I also liked the talks around software packaging. There's a few tools that stand out: containers, Conda, and Guix. For workflows and running software in the cloud - Docker seems to be the way to go for a lot of tools: CWL, Nextflow, etc. Interestingly Conda and Bioconda are gaining a lot of traction in integration with tools like Galaxy. Bioconda also announced that if you publish your tools there, you will get automatic and optimized Docker and Singularity images created for free!
Singularity and uDocker
I've heard some talk about Docker alternatives but BOSC was the first time I got some details on the Singularity container format. The gist I got was that while Docker is for long running services, Singularity is more aimed at time-limited task execution on clusters. As such, while Singularity needs root to install it runs containers as user.
A further option that came up during a Codefest conversation is udocker, a minimal Docker runtime that works completely without elevated privileges! I will definitely check it out for testing internal software deployments.

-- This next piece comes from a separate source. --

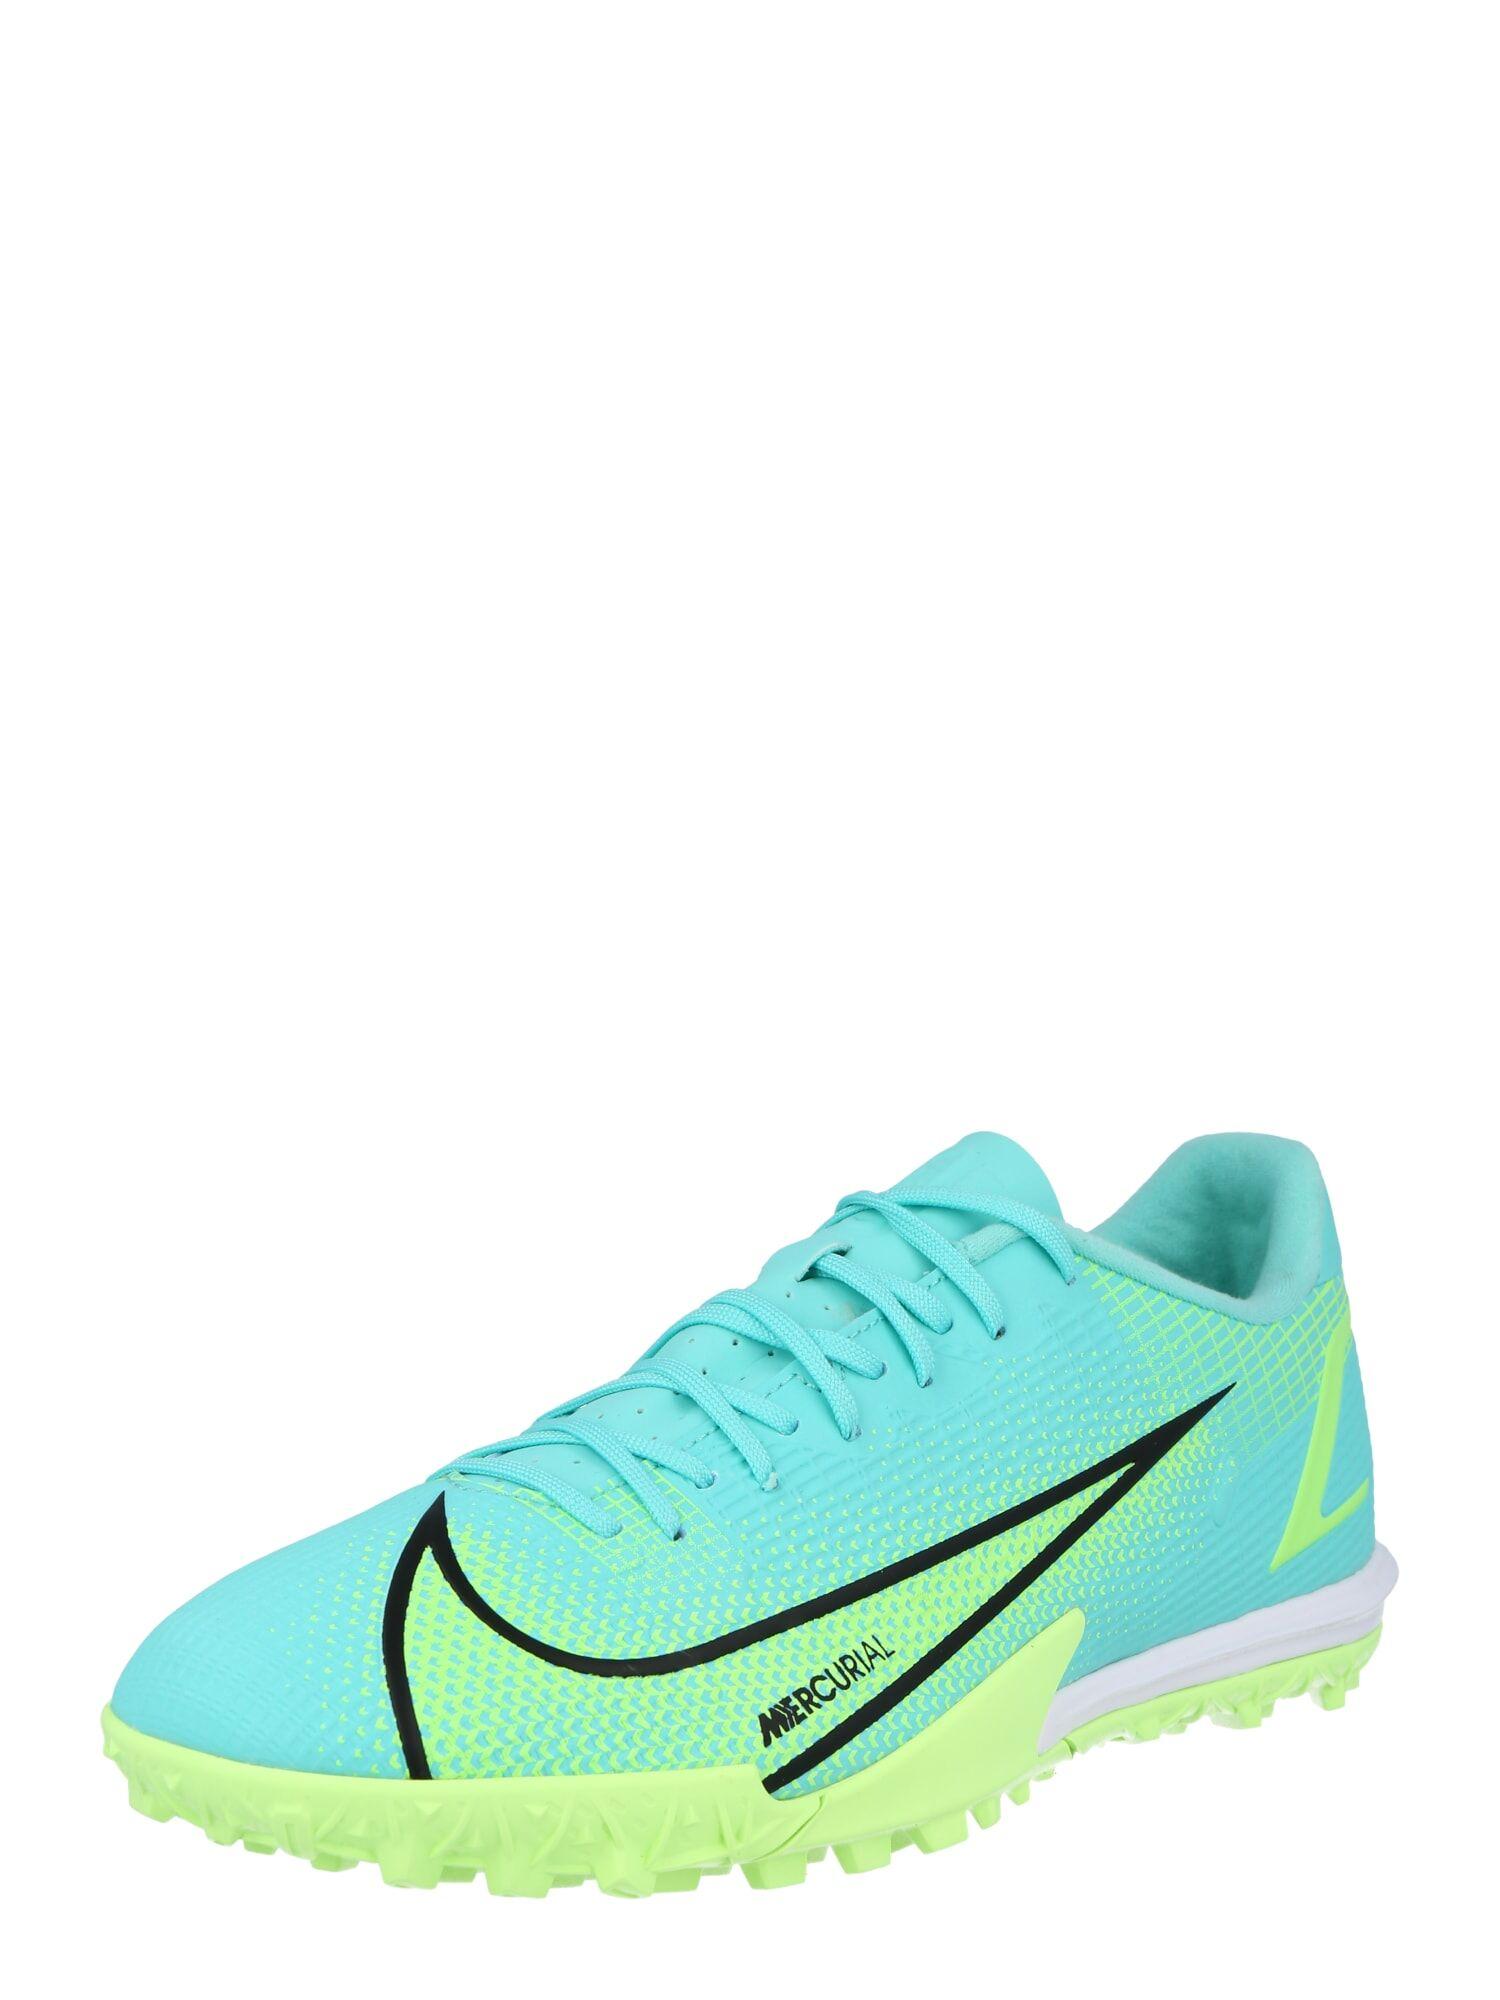 NIKE Scarpa da calcio 'Mercurial Vapor 14 Academy' Blu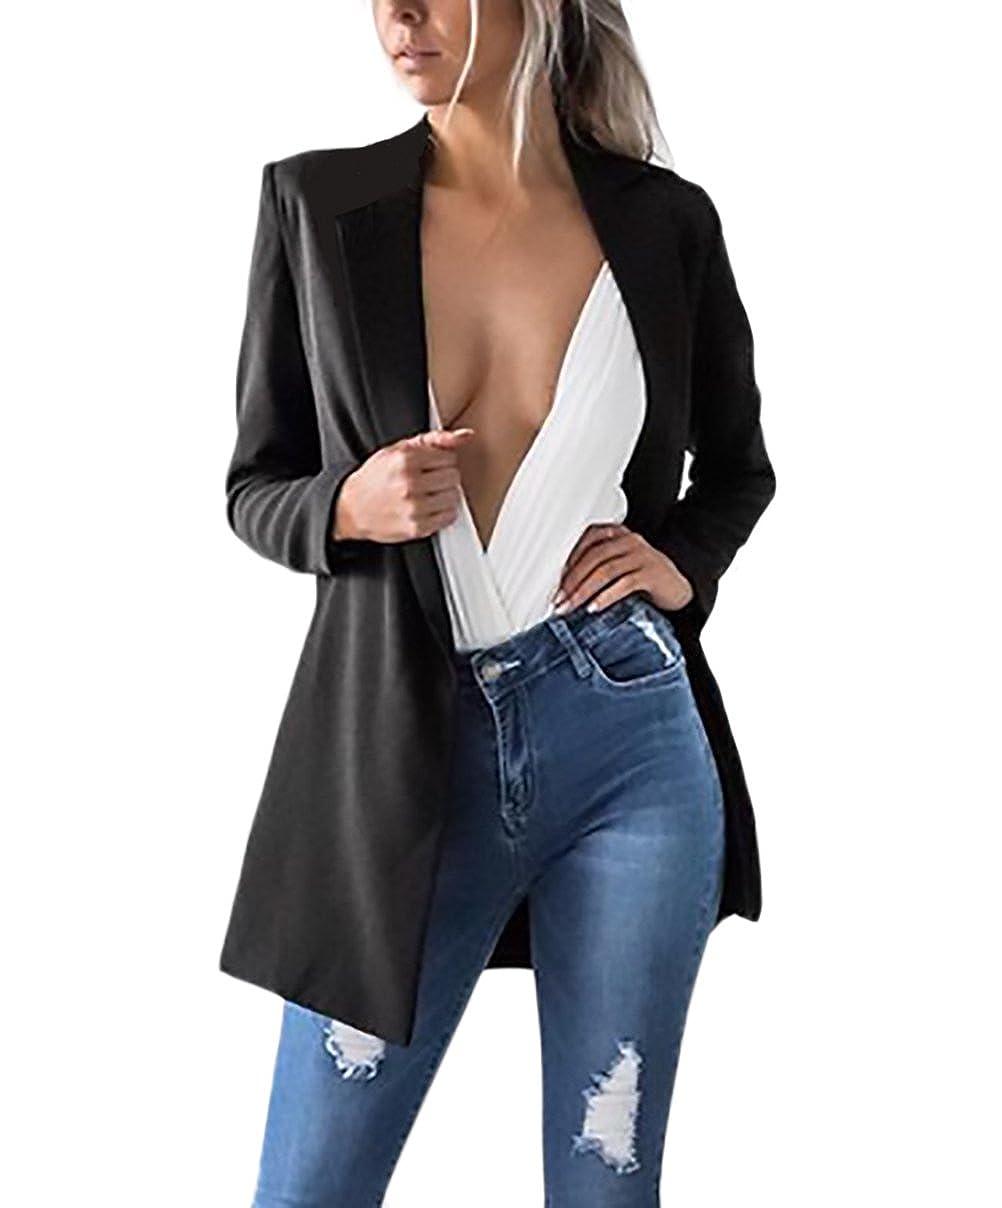 Blazer Donna Cardigan Elegante Invernale Autunno Tailleur Aperta Blazers Giacche Elegante Manica Lunga Classico Ufficio Business Giubbotto Lungo Sciolto Moda Puro Colore Giubbino Lannister Fashion

The last alternative, Guix, takes a different approach inspired by functional programming principles. They automatically keep track of ALL your software dependencies which means you can bundle software that will install on any system - whether they have Guix or not! They can also create Docker images - which will give you a distribution "with the overhead of Docker" 😉. Unlike conda, it does not, however, support either Mac or Windows which is kind of a bummer for me as I really like to share tools between my local and production environments.
Furthermore, I came away from the conference with a long list of links to investigate. Here's are some interesting things worth checking out:
- Cavatica: a good looking data analysis and sharing platform for pediatric genomics.
- EdinburghGenomics/well_duplicates: a tool for quickly detecting duplicates in any organism without need for demultiplexing or alignment!
- Zooma: an automatic free text parser for extracting curated ontology terms.
Finally I also learned that if I want to publish papers I should start with Journal of Open Source Software (JOSS); nicely introduced at BOSC by Pjotr Prins and edited by, among others, Roman "full-stack" Valls.
Thanks everyone who presented, organized, attended, chatted, coded, entertained, drank beer, and lent me money during these days in Prague! Who knows, maybe we meet next year in Portland, Oregon.